The Red Planet’s low gravity and lack of magnetic field makes its outermost atmosphere an easy target to be swept away by the solar wind, but new evidence from ESA’s Mars Express spacecraft shows that the Sun’s radiation may play a surprising role in its escape.
Why the atmospheres of the rocky planets in the inner Solar System evolved so differently over 4.6 billion years is key to understanding what makes a planet habitable. While Earth is a life-rich water-world, our smaller neighbour Mars lost much of its atmosphere early in its history, transforming from a warm and wet environment to the cold and arid plains that we observe today. By contrast, Earth’s other neighbour Venus, which although inhospitable today is comparable in size to our own planet, and has a dense atmosphere.
One way that is often thought to help protect a planet’s atmosphere is through an internally generated magnetic field, such as at Earth. The magnetic field deflects charged particles of the solar wind as they stream away from the Sun, carving out a protective ‘bubble’ – the magnetosphere – around the planet.

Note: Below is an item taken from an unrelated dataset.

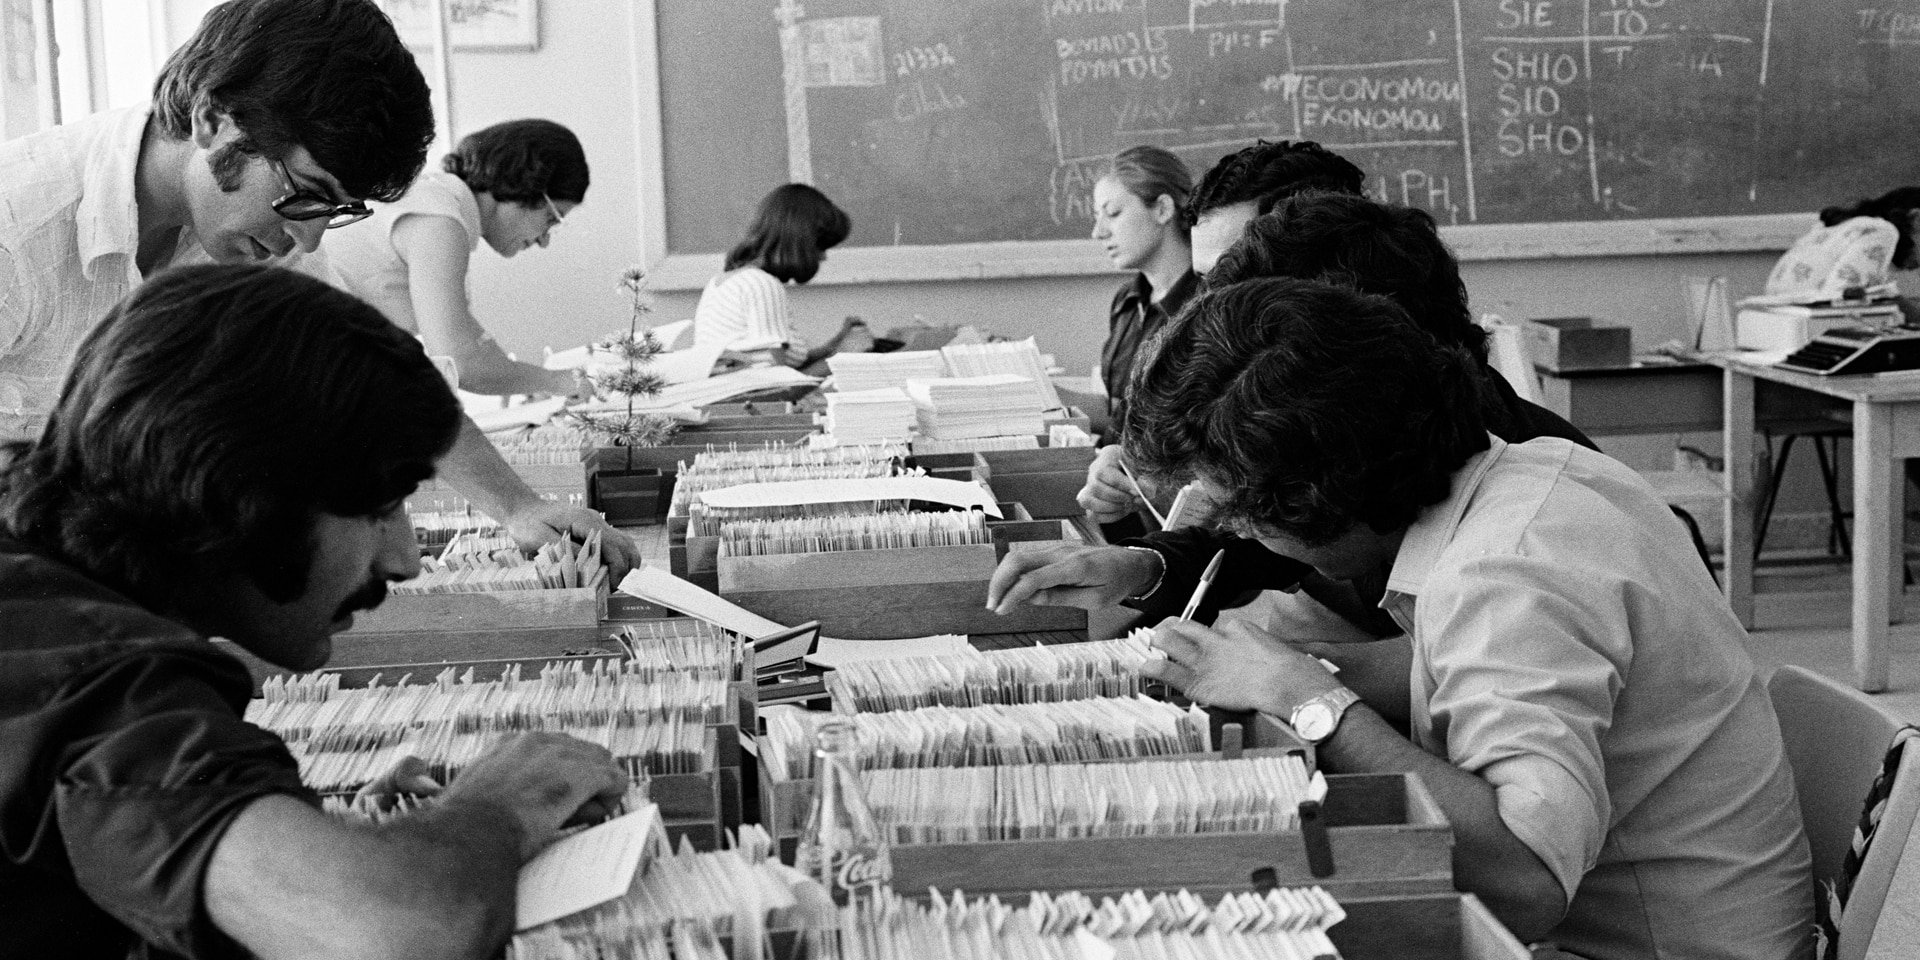 Das Bild, schwarz-weiss, zeigt einen Büroraum im Jahr 1974. Die Tische sind vollgestellt mit Karteikästen inkl. Karteikarten. Acht Personen arbeiten konzentriert daran.  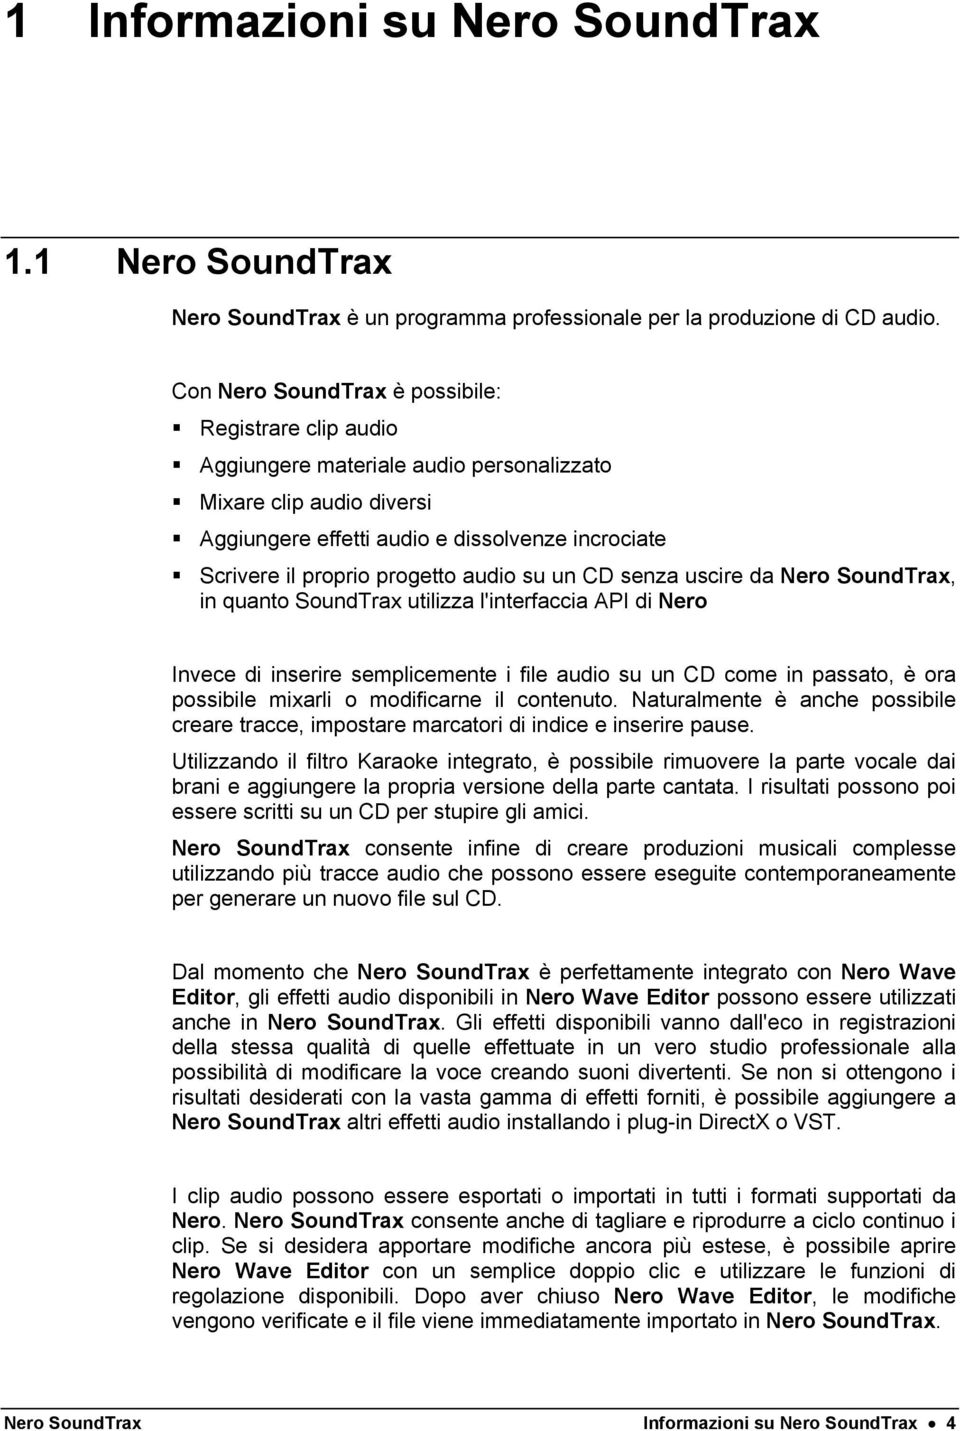 progetto audio su un CD senza uscire da Nero SoundTrax, in quanto SoundTrax utilizza l'interfaccia API di Nero Invece di inserire semplicemente i file audio su un CD come in passato, è ora possibile

At Mars and Venus, which don’t generate an internal magnetic field, the main obstacle to the solar wind is the upper atmosphere, or ionosphere. Just as on Earth, solar ultraviolet radiation separates electrons from the atoms and molecules in this region, creating a region of electrically charged – ionised – gas: the ionosphere. At Mars and Venus this ionised layer interacts directly with the solar wind and its magnetic field to create an induced magnetosphere, which acts to slow and divert the solar wind around the planet.
For 14 years, ESA’s Mars Express has been looking at charged ions, such as oxygen and carbon dioxide, flowing out to space in order to better understand the rate at which the atmosphere is escaping the planet.
The study has uncovered a surprising effect, with the Sun’s ultraviolet radiation playing a more important role than previously thought.
“We used to think that the ion escape occurs due to an effective transfer of the solar wind energy through the martian induced magnetic barrier to the ionosphere,” says Robin Ramstad of the Swedish Institute of Space Physics, and lead author of the Mars Express study.
“Perhaps counter-intuitively, what we actually see is that the increased ion production triggered by ultraviolet solar radiation shields the planet’s atmosphere from the energy carried by the solar wind, but very little energy is actually required for the ions to escape by themselves, due to the low gravity binding the atmosphere to Mars.”